塩づくりの歴史を後世に伝える記念碑を除幕する関係者=19日、鹿児島県知名町正名

 鹿児島県知名町正名集落のニシムドゥル海岸で19日、塩づくりの歴史を記した記念碑の除幕式があった。住民約40人が参加。碑の完成を祝うとともに、先人の塩づくりの知恵や努力を後世に伝える決意を新たにした。

 「正名字沿革誌」(同誌編纂委員会編)や住民の話によると、同集落で塩づくりが始まった時期は定かではないが、盛んに行われていたのは終戦後。海水をおけにくんで岩壁に何度も打ち付け、塩分濃度を高めた後、鍋で炊いて塩にした。当時は家族総出で海岸に寝泊まりし、昼夜を問わず作業が行われていたという。

 記念碑建立は住民有志が2021年9月から準備を進めてきた。集落の協力を得て碑の建立とともに、周辺の歩道や駐車場も整備。除幕式で、西田安村区長(65)は「先人が並々ならぬ努力と苦労を重ねて塩づくりを行ってきたこの地に碑を建立したことは、その知恵と努力を後世に伝えるために十分意義があると思っている。郷土教育にも活用できれば」とあいさつした。

 建立者を代表して南哲次郎さん(87)は塩づくりの経験を語り、「きょうの食、あすの食にも非常に苦労した時代だった。

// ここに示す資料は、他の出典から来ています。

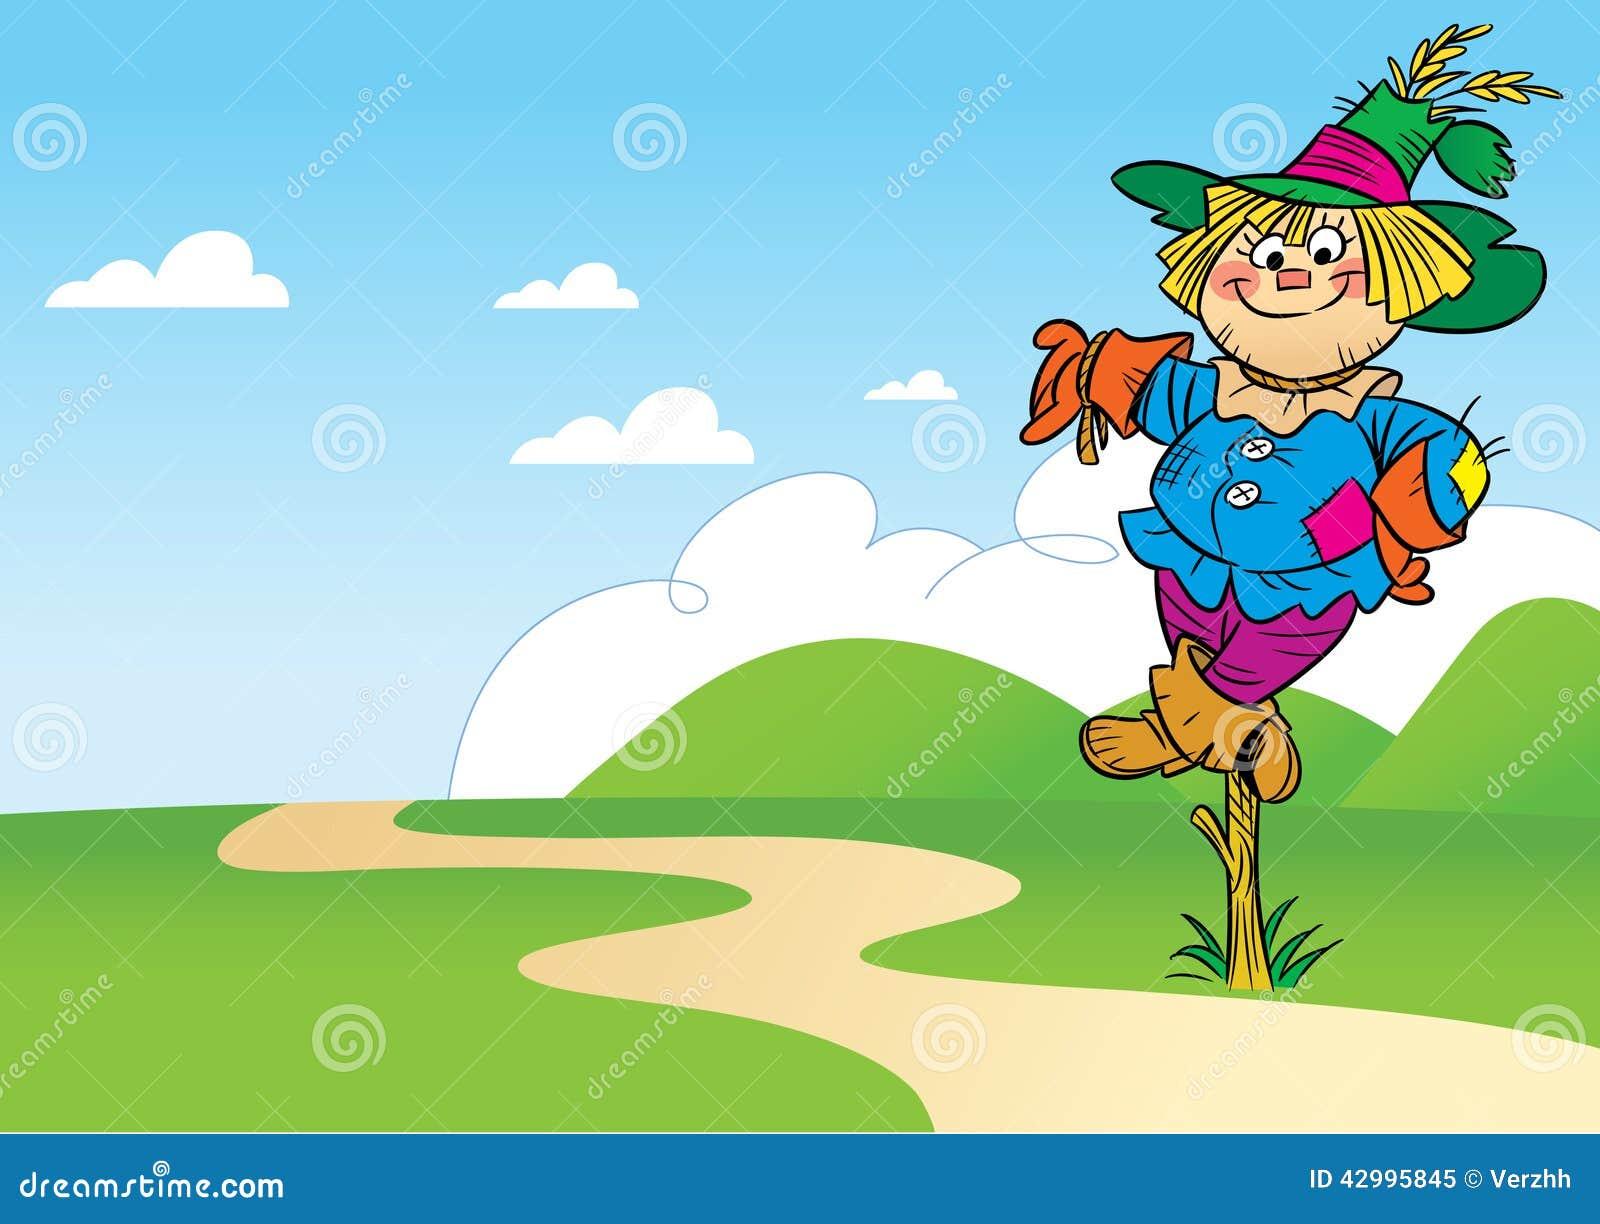 Cute cartoon scarecrow funny scarecrow stock photo image 42995845
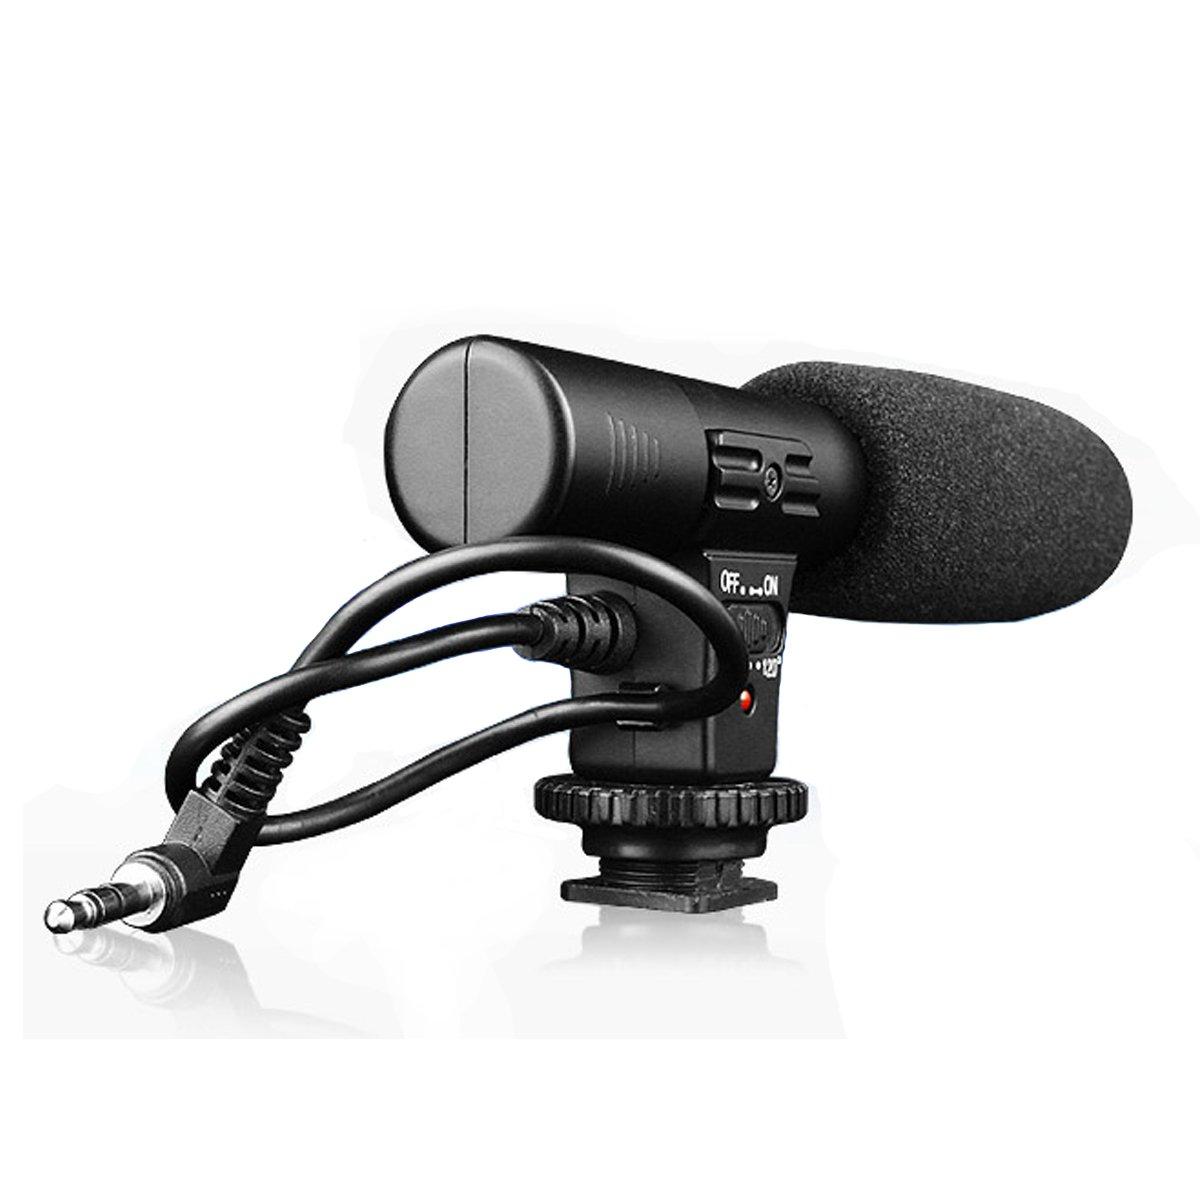 SmilePowo Camera Microphone, EIVOTOR Mic-01 3.5mm Digital Video Recording Microphone for D-SLR Camera, Stereo Shotgun Recording Microphone for Digital SLR Camera,Nikon/Canon Camera/DV Camcorder

後世に伝える碑が建立できたのは皆さんの協力のおかげ」と感謝した。

 村上清さん(83)も子どもの頃に経験した塩づくりの工程を説明し、「ニシムドゥル(海岸)には字民の苦労が詰まっている。ここを大事にしよう」と呼び掛けた。

 式後は大鍋で炊いた塩の試食や南さんによる塩を使った豚肉の長期保存食作りの実演などがあった。

 西田区長は「今後は子ども会や青壮年を対象に塩づくりの体験イベントもしたい」と話していた。